Comprendre Medjugorje : Regard historique et théologique — Entretien avec le théologien Arnaud Dumouch

Le dossier des miracles

Daria Klanac, Comprendre Medjugorje : Regard historique et théologique, avec la collaboration du théologien Arnaud Dumouch, Informativni centar Mir, Medjugorje, en coédition avec les Éditions Sakramento, Paris, 2012, 2e éd. (1re éd. 2008, ISBN 978-2-915380-19-4 & 978-9958-36017-6), entretien avec le théologien Arnaud Dumouch, pages 155 à 161.
English Translation : Documentation relating to miracles
 

 

[p. 155] 

Le dossier des miracles

Daria Klanac : La paroisse de Medjugorje possède un dossier considérable sur les miracles de guérisons (475 cas déclarés). Les témoignages sont nombreux et [p. 156]publiés régulièrement dans la revue mensuelle Le Messager de la Paix. On dit, cependant, que le plus grand miracle de Medjugorje ce sont les conversions des cœurs. Qu’est-ce qui serait plus important, aurait plus de poids lors du jugement final ?

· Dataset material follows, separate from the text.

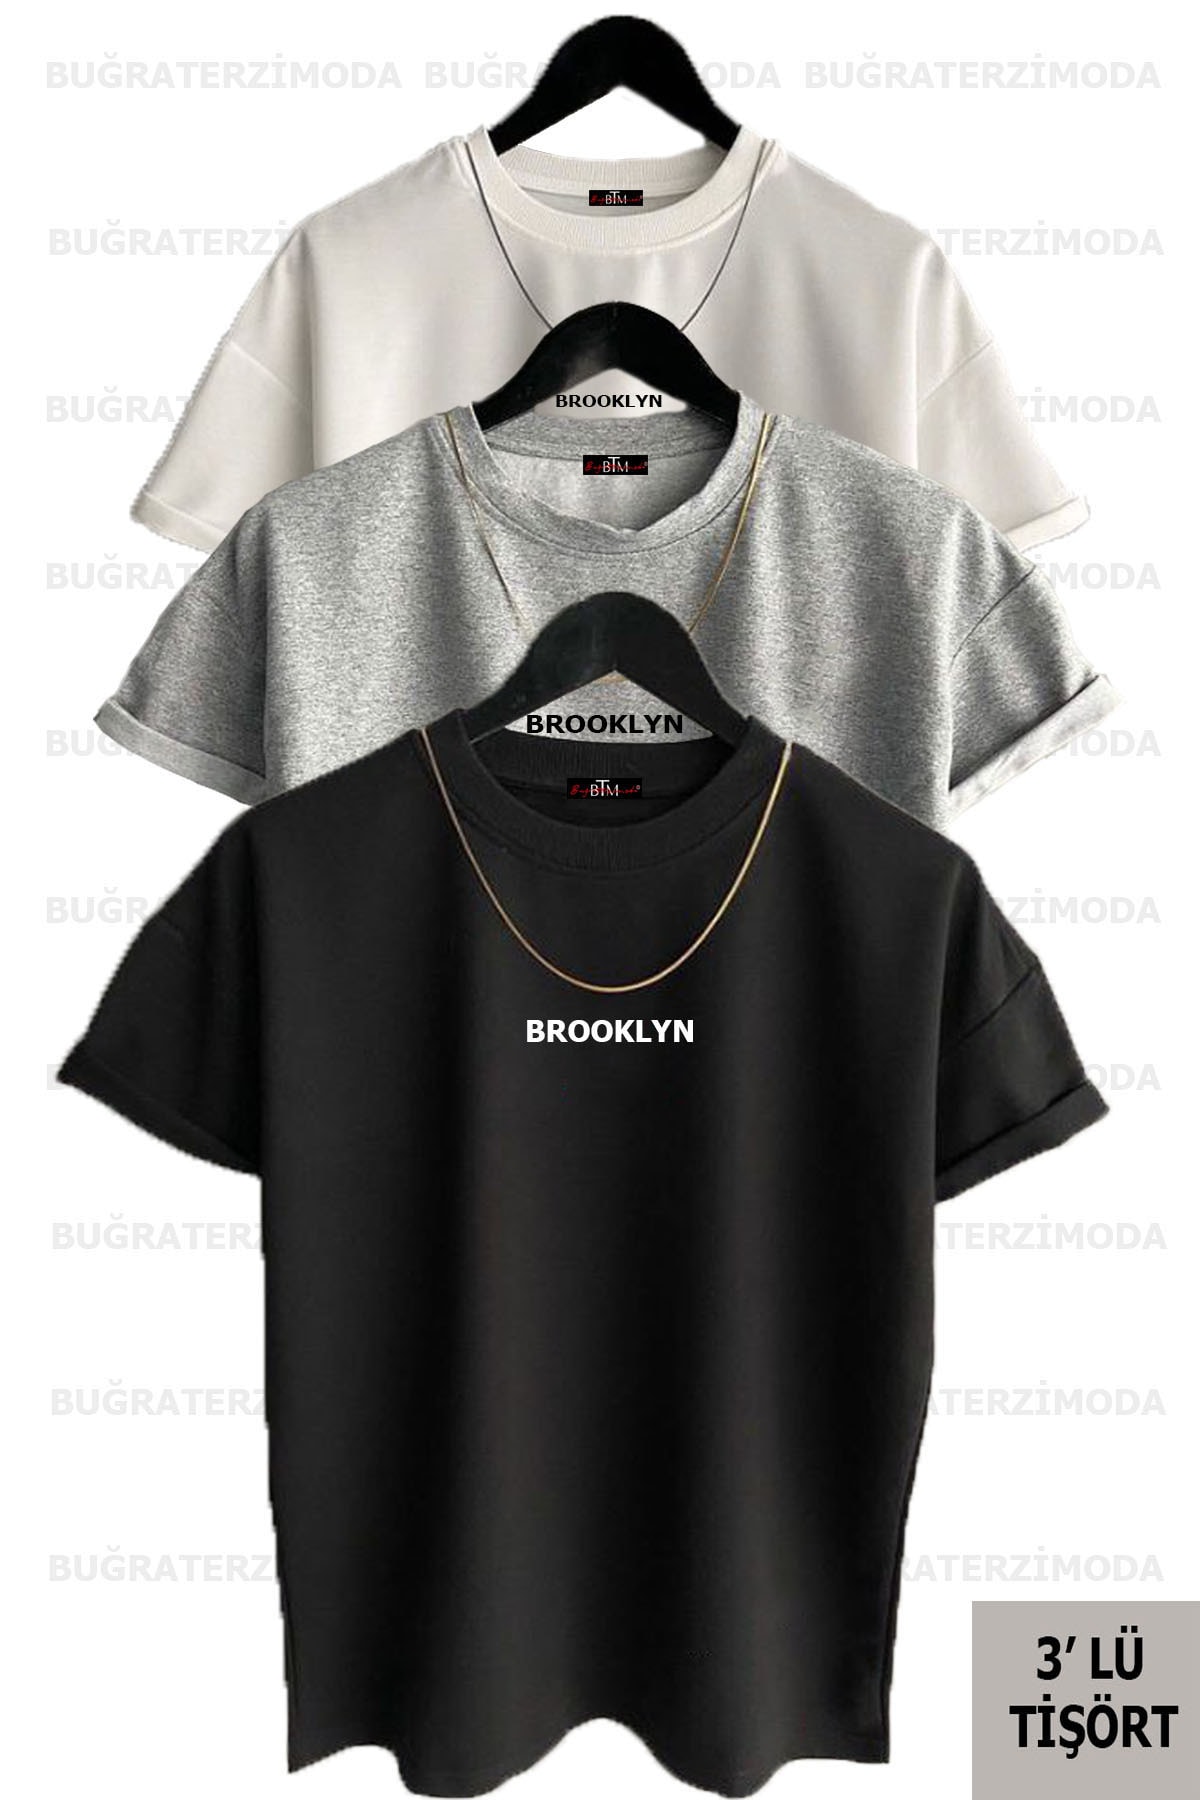 Buğraterzimoda Brooklyn Baskılı Unisex Siyah-beyaz-gri (bol Kalıp) Oversize 3'lü T-shirt Paketi

Arnaud Dumouch : Les conversions sont de l’ordre du second critère (fruits spirituels). Elles sont donc un critère essentiel. Mais elles ne suffisent pas en elles même: l’Esprit souffle où il veut.

C’est pourquoi le troisième critère (les miracles) est sans doute la clef finale de ce discernement: si vous trouvez à Medjugorje un ou deux miracles indiscutables (organe qui repousse, tumeur disparaissant instantanément, paraplégique – moelle épinière tranchée – qui marche), c’est que le doigt de Dieu est là.

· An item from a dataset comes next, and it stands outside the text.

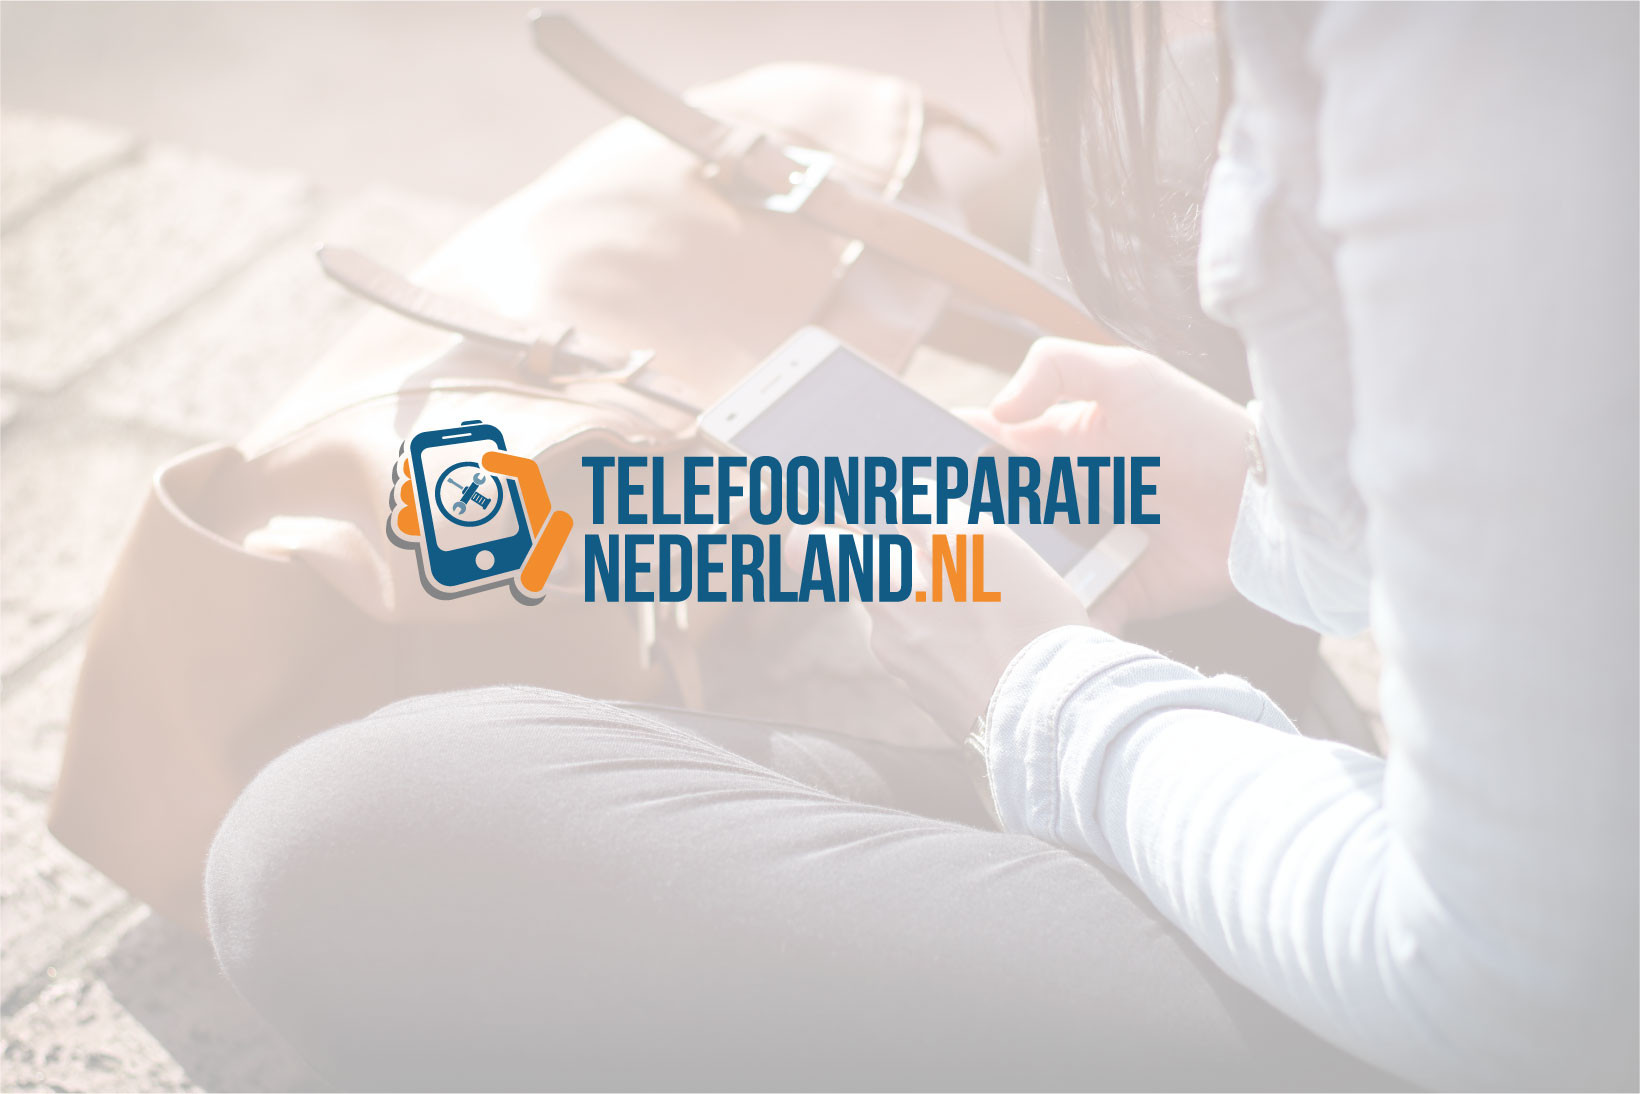 (c) Telefoonreparatienederland.nl

Souvenez-vous de Jésus: il est dans la lutte. Des gens disent, comme à Medjugorje, qu’il vient du démon et qu’il guérit avec le démon puisqu’il suscite la division et dit des phrases ambiguës, alors il ressuscite Lazare. Et, à partir de ce jour, ce miracle étant attesté par les témoins venant du Sanhédrin, il ne peut plus y avoir de doute.

D. Klanac : Vous dites que le 3e critère de discernement, les miracles, est décisif pour reconnaître une apparition. Jésus en a fait. Tous n’ont pas cru. Il a été condamné.

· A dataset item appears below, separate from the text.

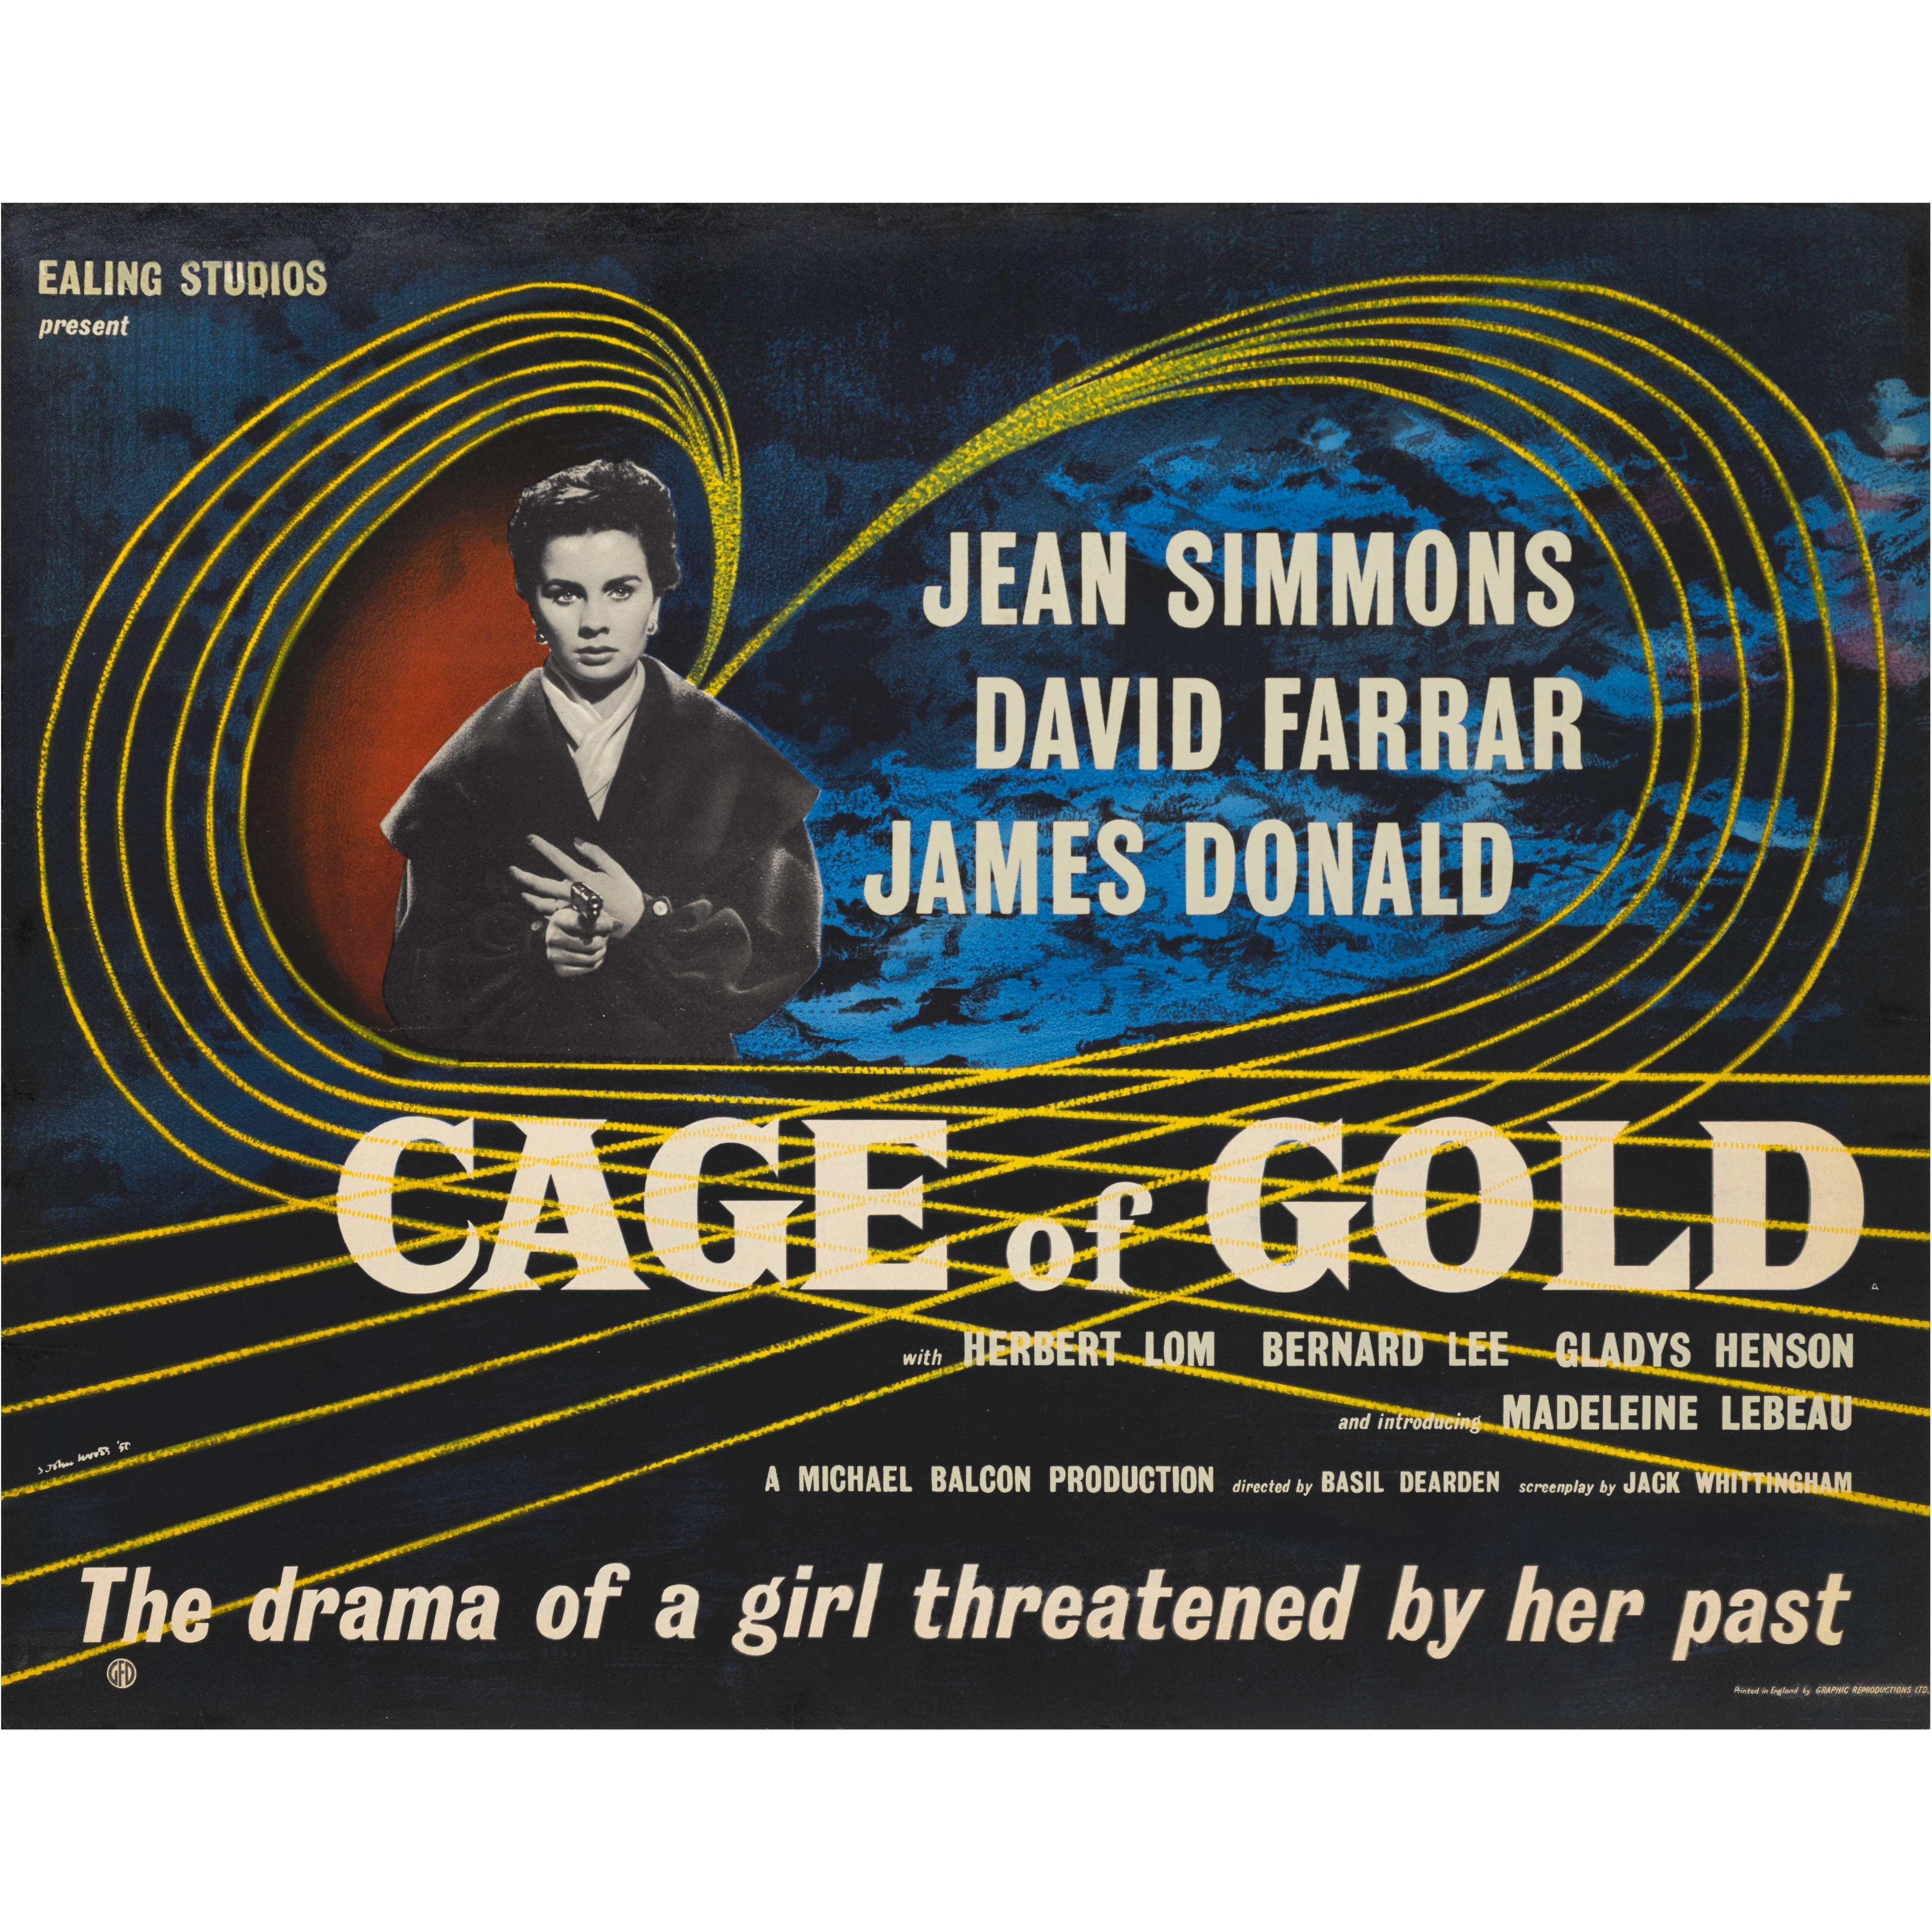 "Cage of Gold" Original British Film Poster

A. Dumouch : C’est vrai. Mais dans ce cas (existence de vrais miracles et refus de croire), ceux qui condamnent sont sans excuse, car ils le font en connaissance de cause. C’est ce que montre le texte évangélique: après la résurrection de Lazare, qui fut vue par de nombreux notables du Temple, le Sanhédrin se réunit en secret et décide de tuer Jésus. Mais il décide aussi ceci (Jean 12, 10): « Les grands prêtres décidèrent de tuer aussi Lazare, parce que beaucoup de Juifs, à cause de lui, s’en allaient et croyaient en Jésus. » Manifestement, ils veulent tuer Jésus et Lazare, mais ils savent, de par leur science théologique, que Jésus vient de Dieu. Voilà pourquoi Jésus parle [p. 157]pour eux de « blasphème contre l’Esprit Saint », c’est-à-dire ici, en l’occurrence, d’un refus de croire malgré l’évidence.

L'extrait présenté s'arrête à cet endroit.